Today we are opening in Open Source Qizmt, an internal framework for distributed computing, created by the Data Mining team in Myspace. Qizmt can be used for numerous operations that require processing large amounts of data. Such as filtering in the system of recommendations and analytics.
Some sources have already reported on this issue and wrote that this is a framework for a recommendation system. This is not true. This is a complete implementation of MapReduce , written for Windows. ')
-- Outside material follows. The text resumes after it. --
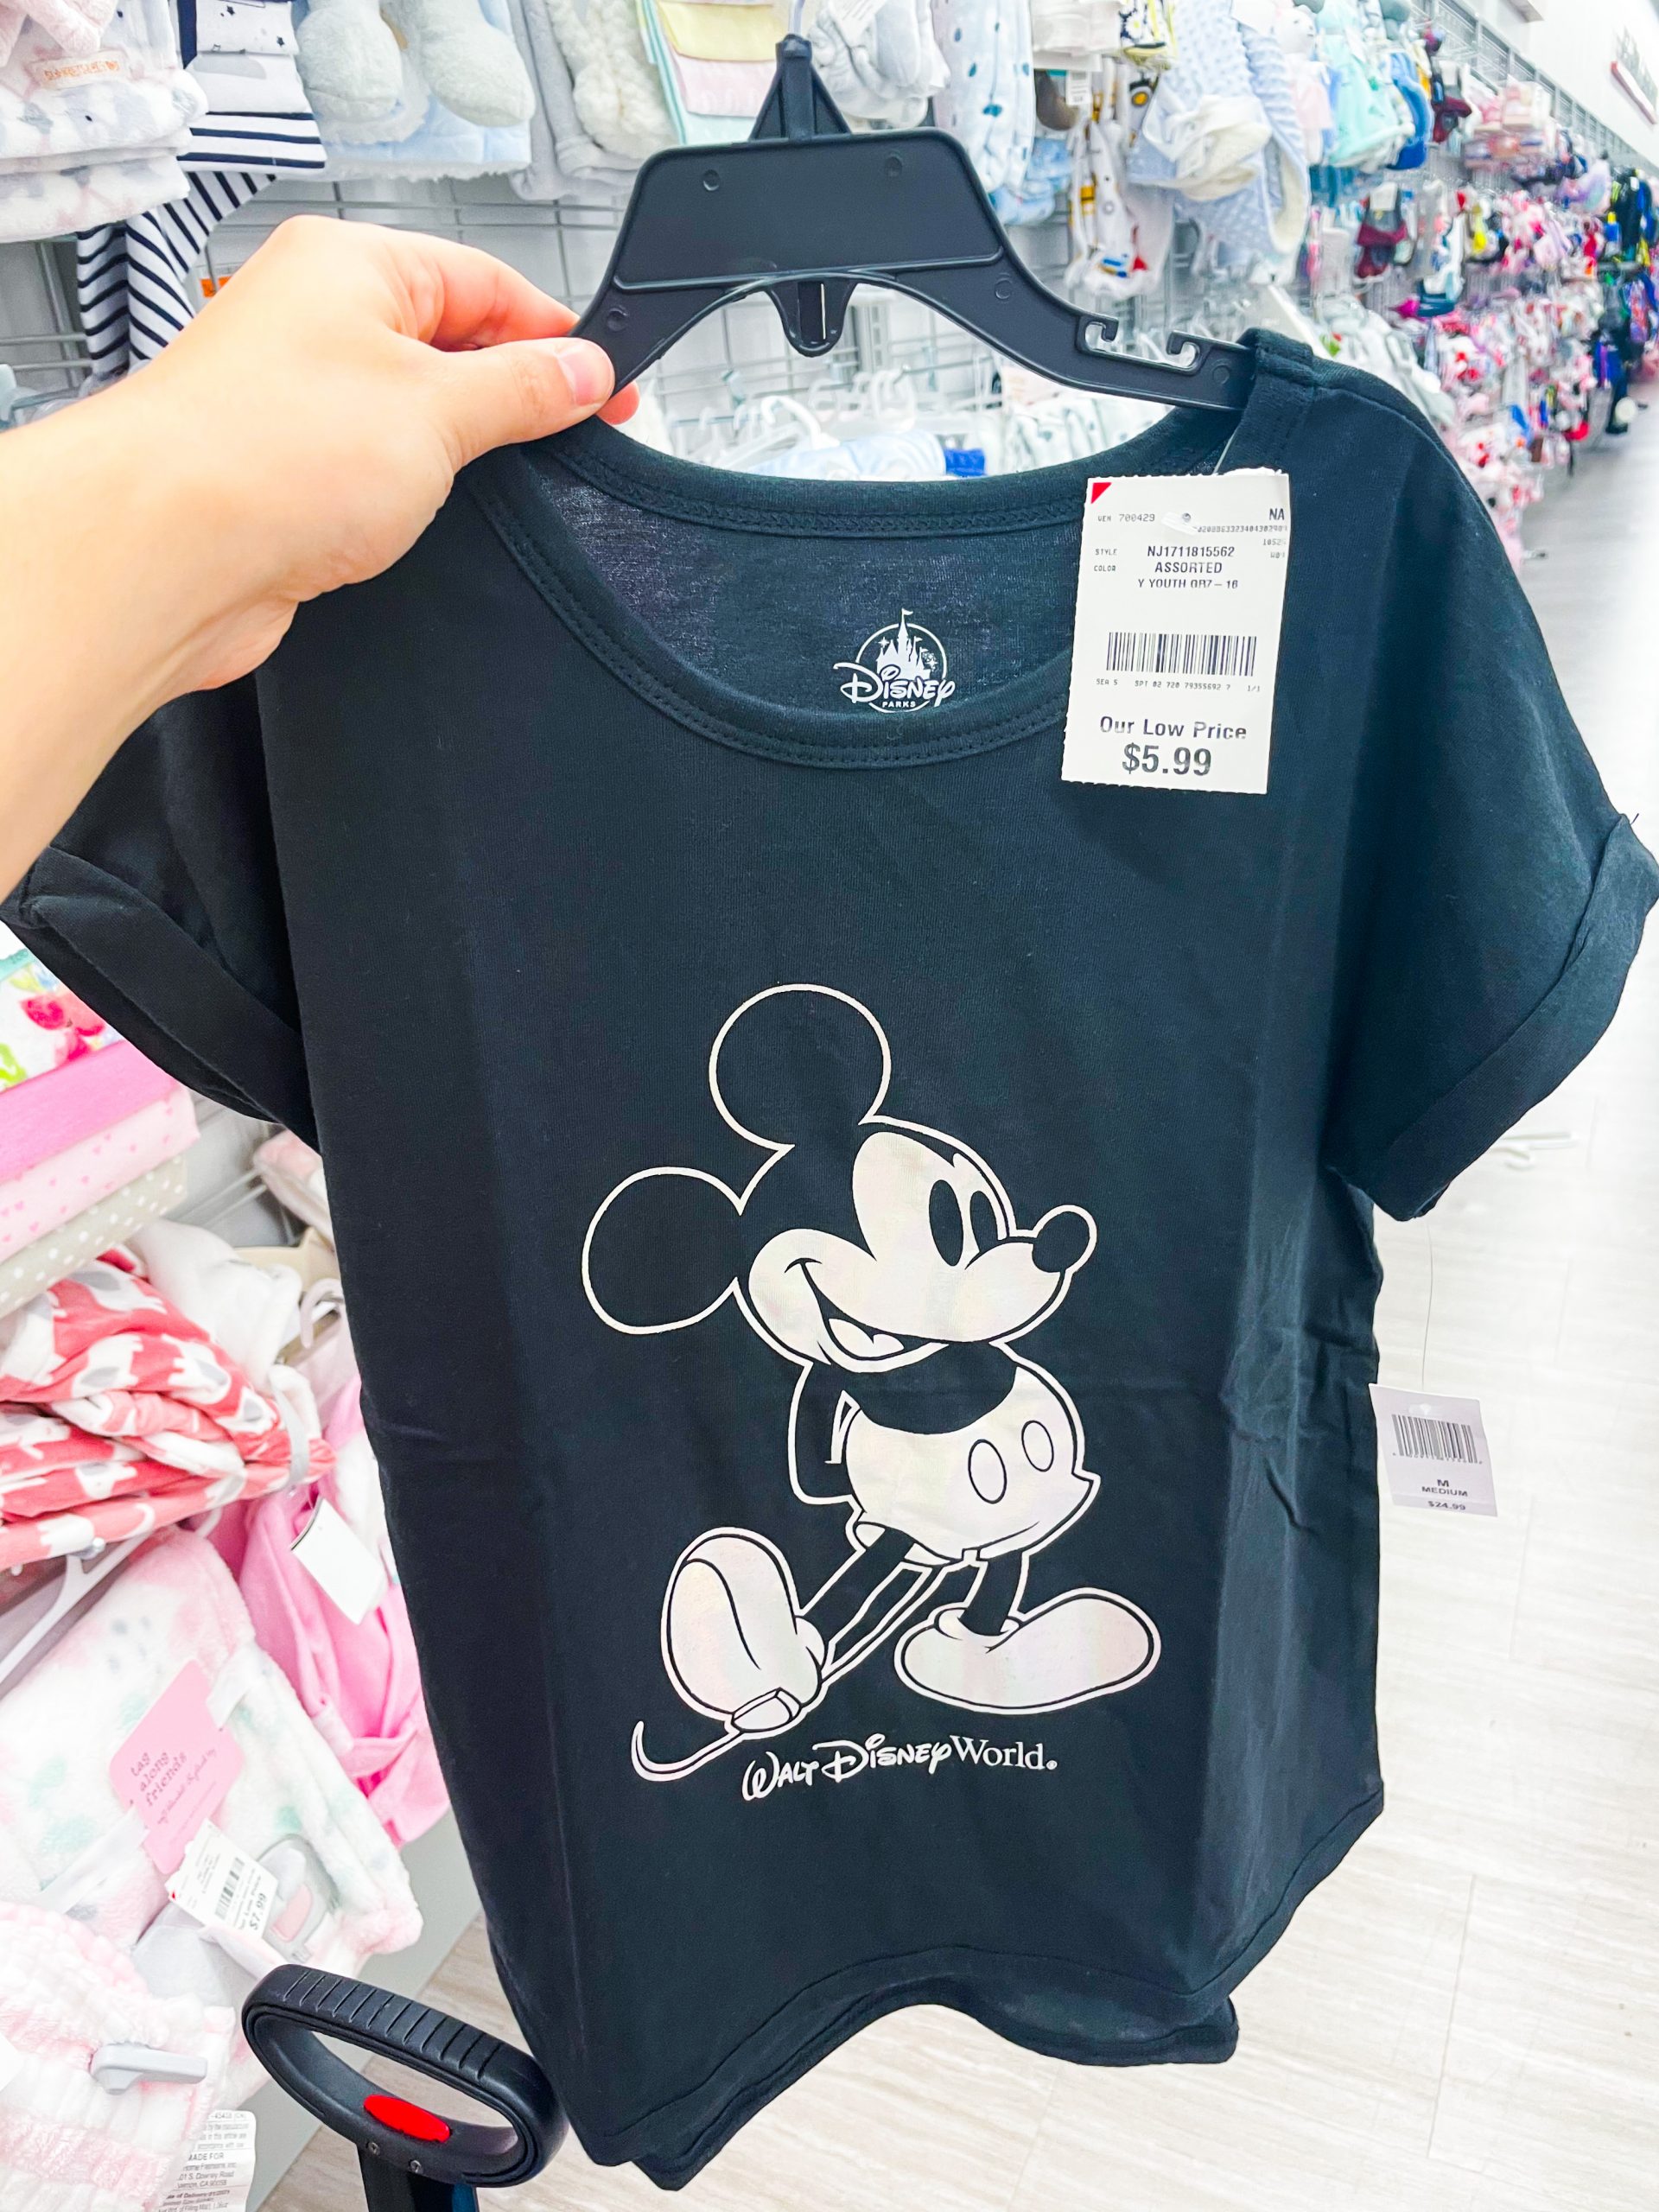 How I Found Disney Parks Merchandise at Burlington

Not so often .NET lovers are faced with open source projects of this level. Despite the fact that the system is declared as Alpha, quite a lot of functionality is declared (which is not surprising, since it seems to be working on the myspace framework)
Rapid development of mapreduce jobs in C #
Easy installer
Integrated IDE / Debugger (including step through debugging jobs on a cluster)
From any machine in the cluster:
Cluster Assembly Cache (CAC) - .NET cache assemblies for mapreduce jobs
3 types of jobs: - Mapreduce - set logic for large amounts of data - Remote - for those tasks that do not fit the mapreducer template - Local - orchestration of connections between Mapreduce and Remote jobs
3 ways to exchange data in mapreduce
- Sorted - key / value pairs are evenly sorted by cluster - Grouped - unsorted, but similar key / value pairs on one reducer - Sorted by hash is a super fast way to sort random data
All this looks quite impressive, although I think now it is not particularly important on what such frameworks are written. They are still used by platform independent methods - light services à la REST / REST2. They say the same Bing uses Hadoop . But in any case, it's nice that colleagues from Myspace shared the code.